» WORK ORDER: Could you give the data below again exactly, apart from the pictures?

AVAILABLE DATA below:

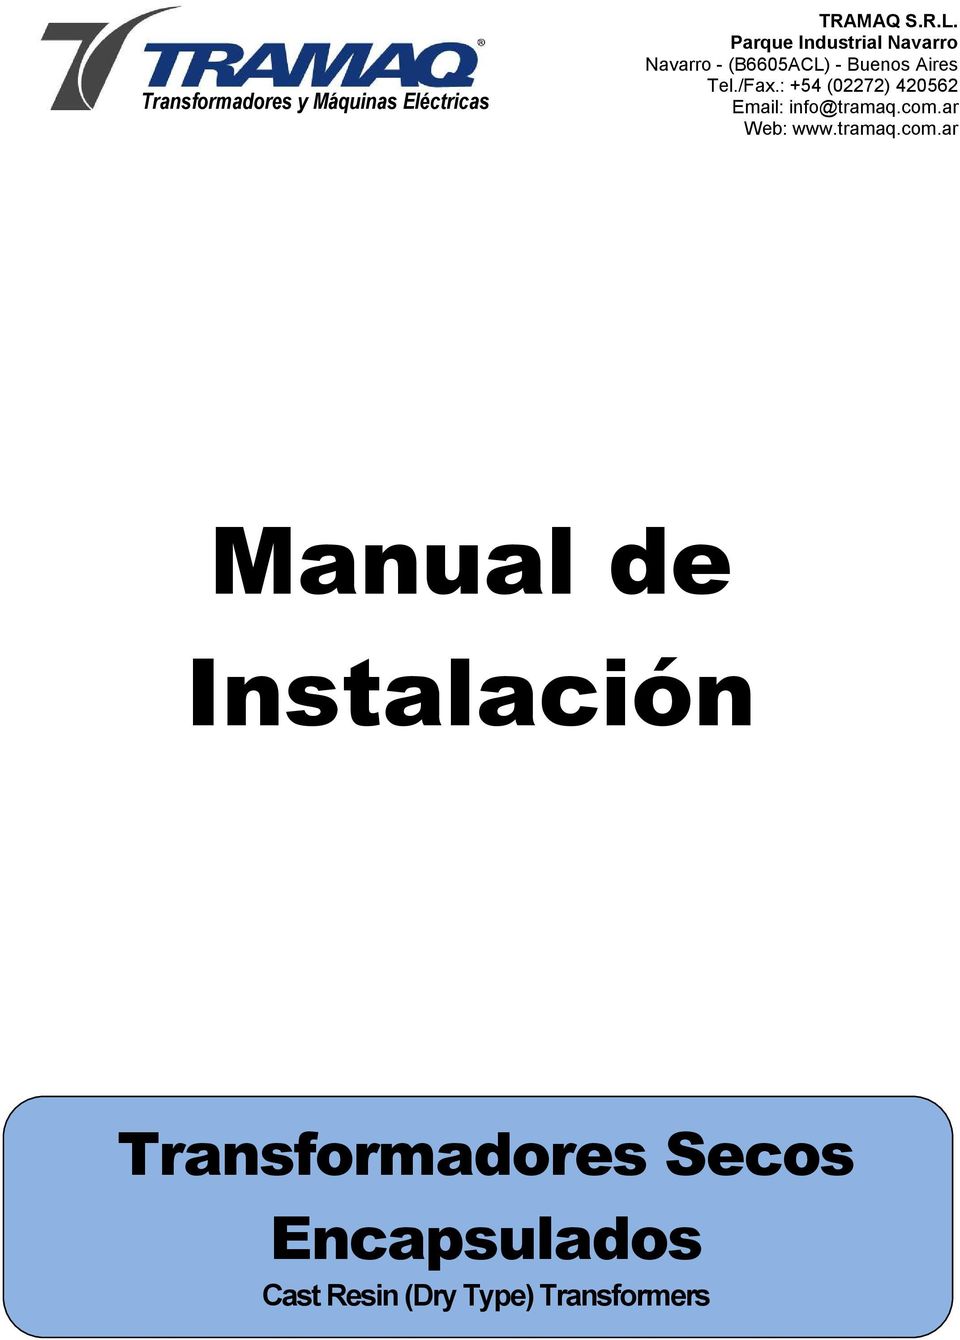 Parque Industrial Navarro Manual de
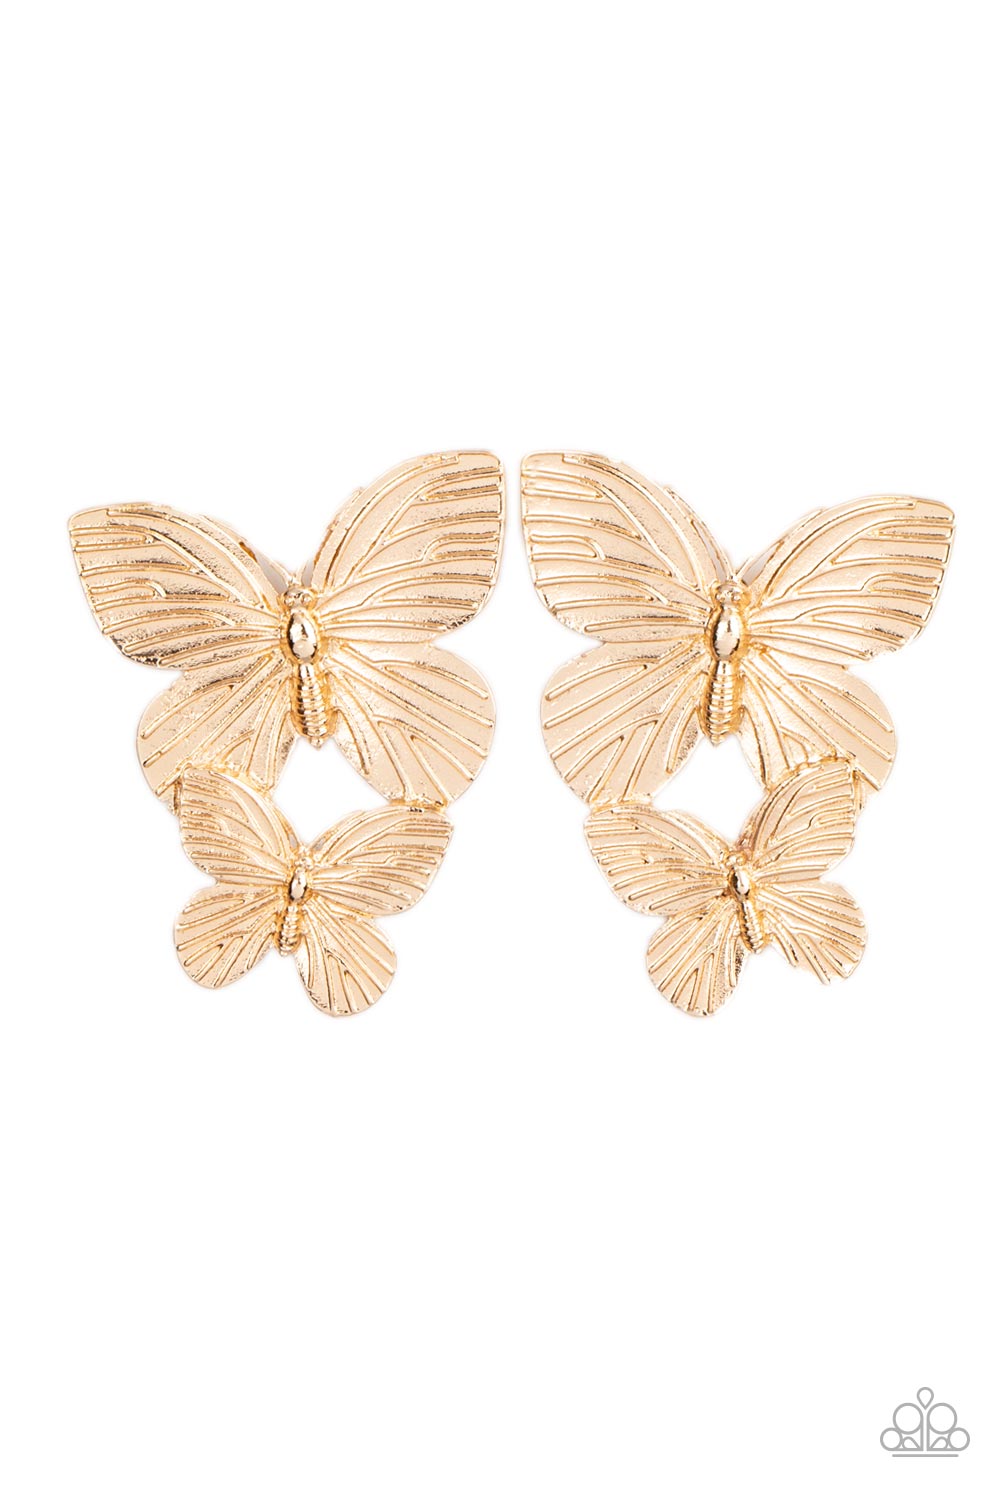 Blushing Butterflies Earring (Gold, Silver, Brass)
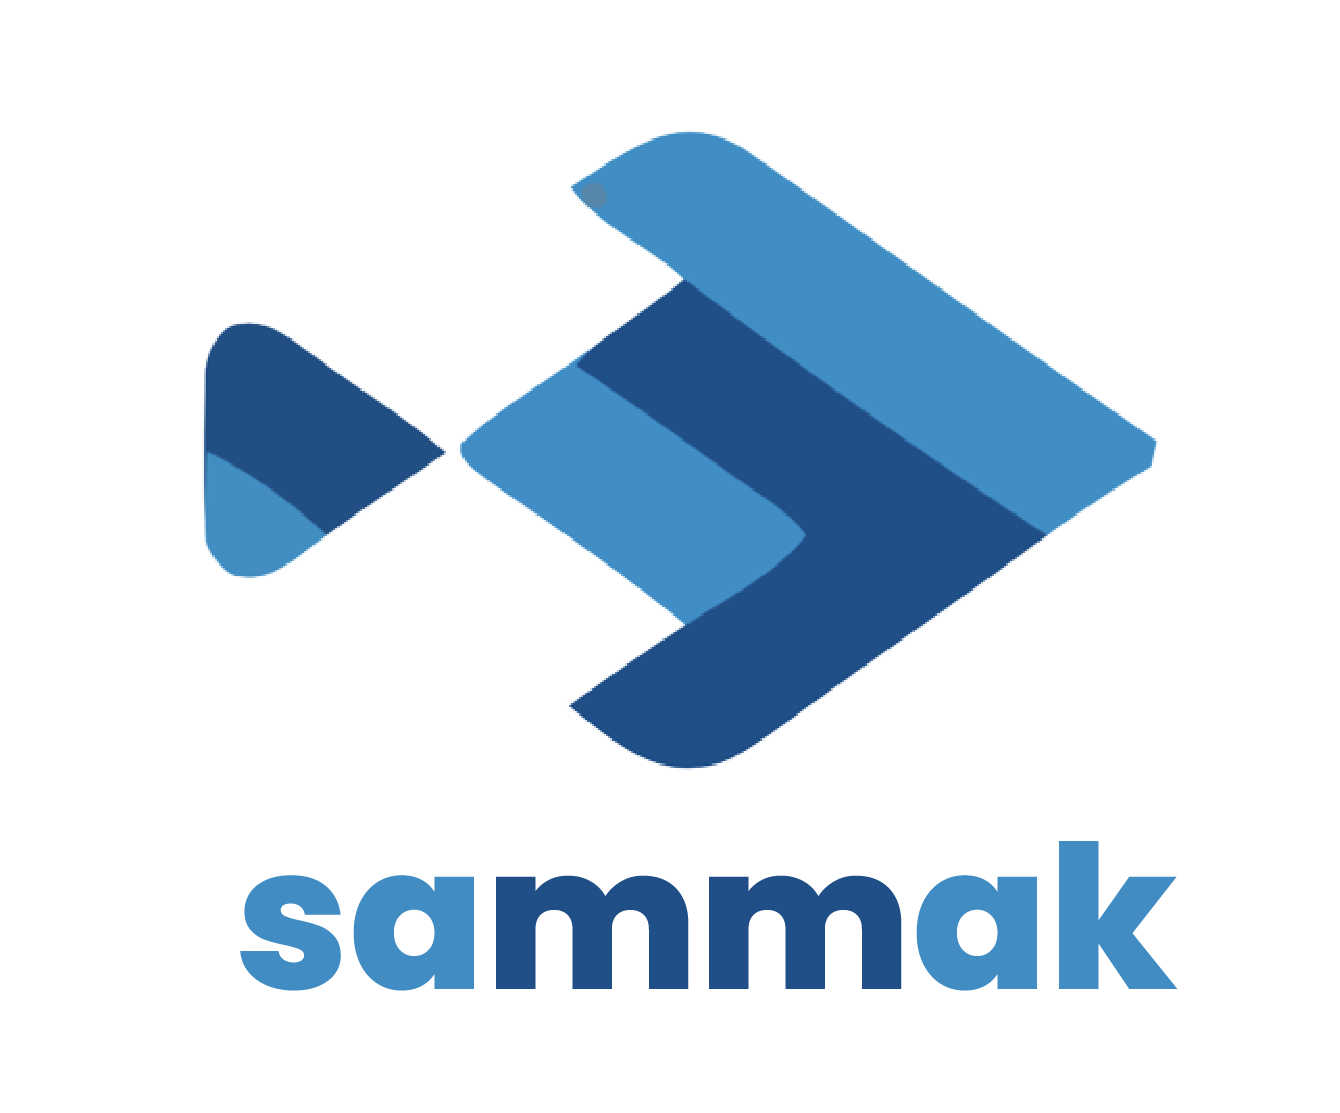 Sammak Company Ltd.
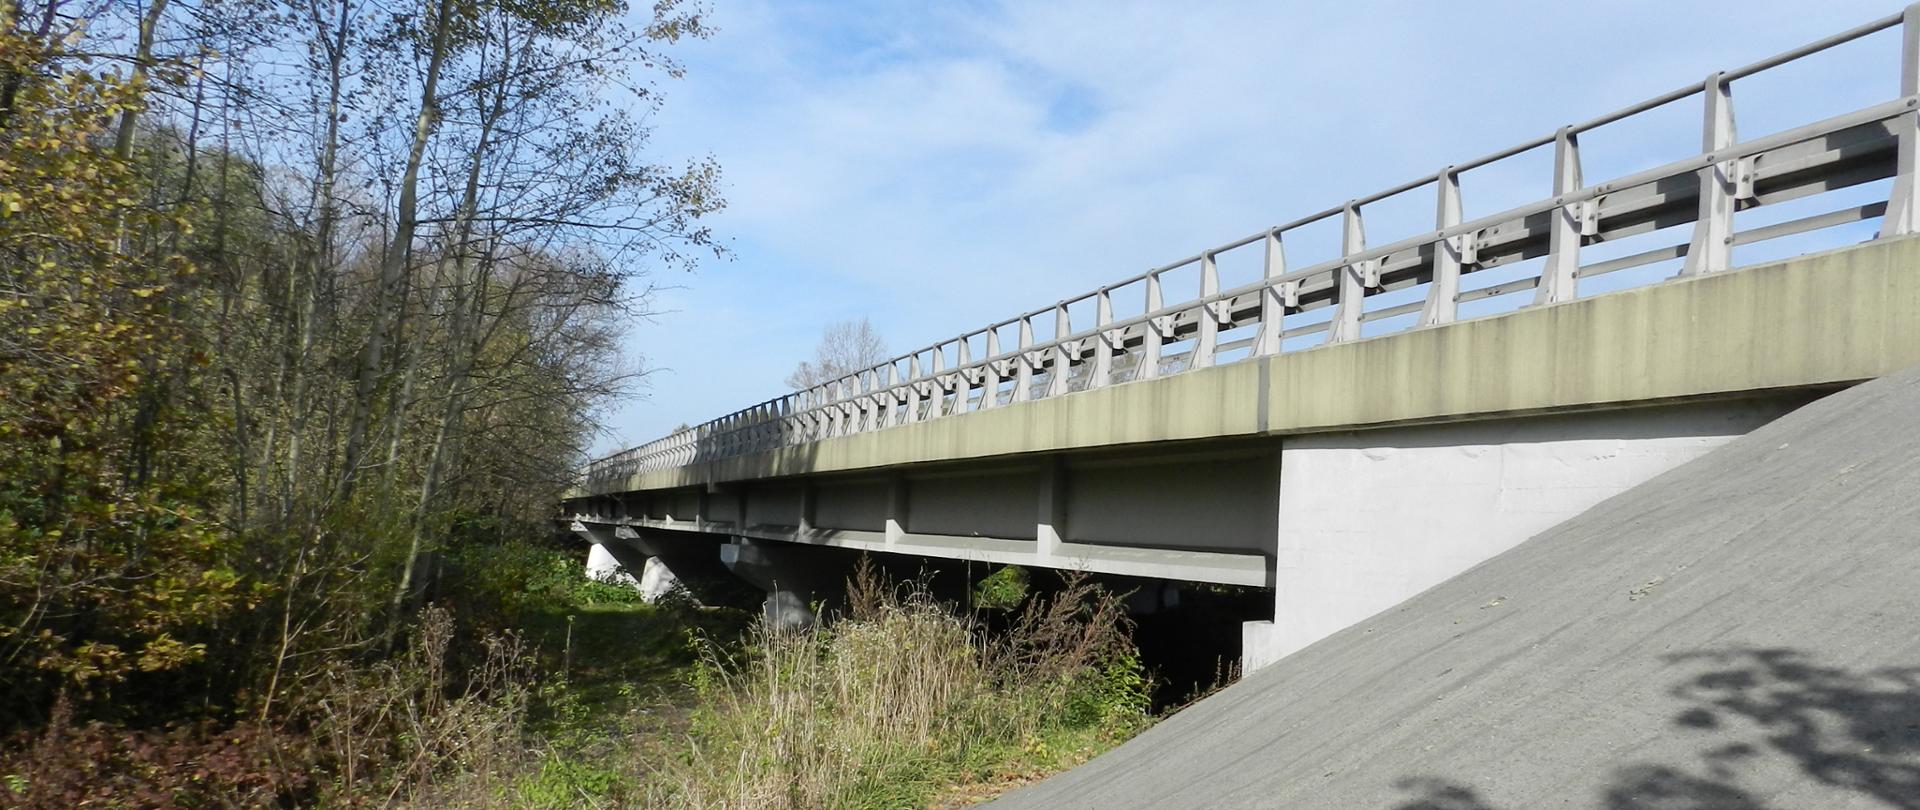 Fotografia mostu z poziomu terenu. W lewej części fotografii widoczna zieleń przydrożna. Po prawej stronie widoczny przyczółek mostu wraz z płytą pomostową i filarami.

End of AVAILABLE DATA.

» WRITTEN ANSWER:
 Parque Industrial Navarro Manual de
 Blushing Butterflies Earring (Gold, Silver, Brass)
 Sammak Company Ltd.
 Fotografia mostu z poziomu terenu. W lewej części fotografii widoczna zieleń przydrożna. Po prawej stronie widoczny przyczółek mostu wraz z płytą pomostową i filarami.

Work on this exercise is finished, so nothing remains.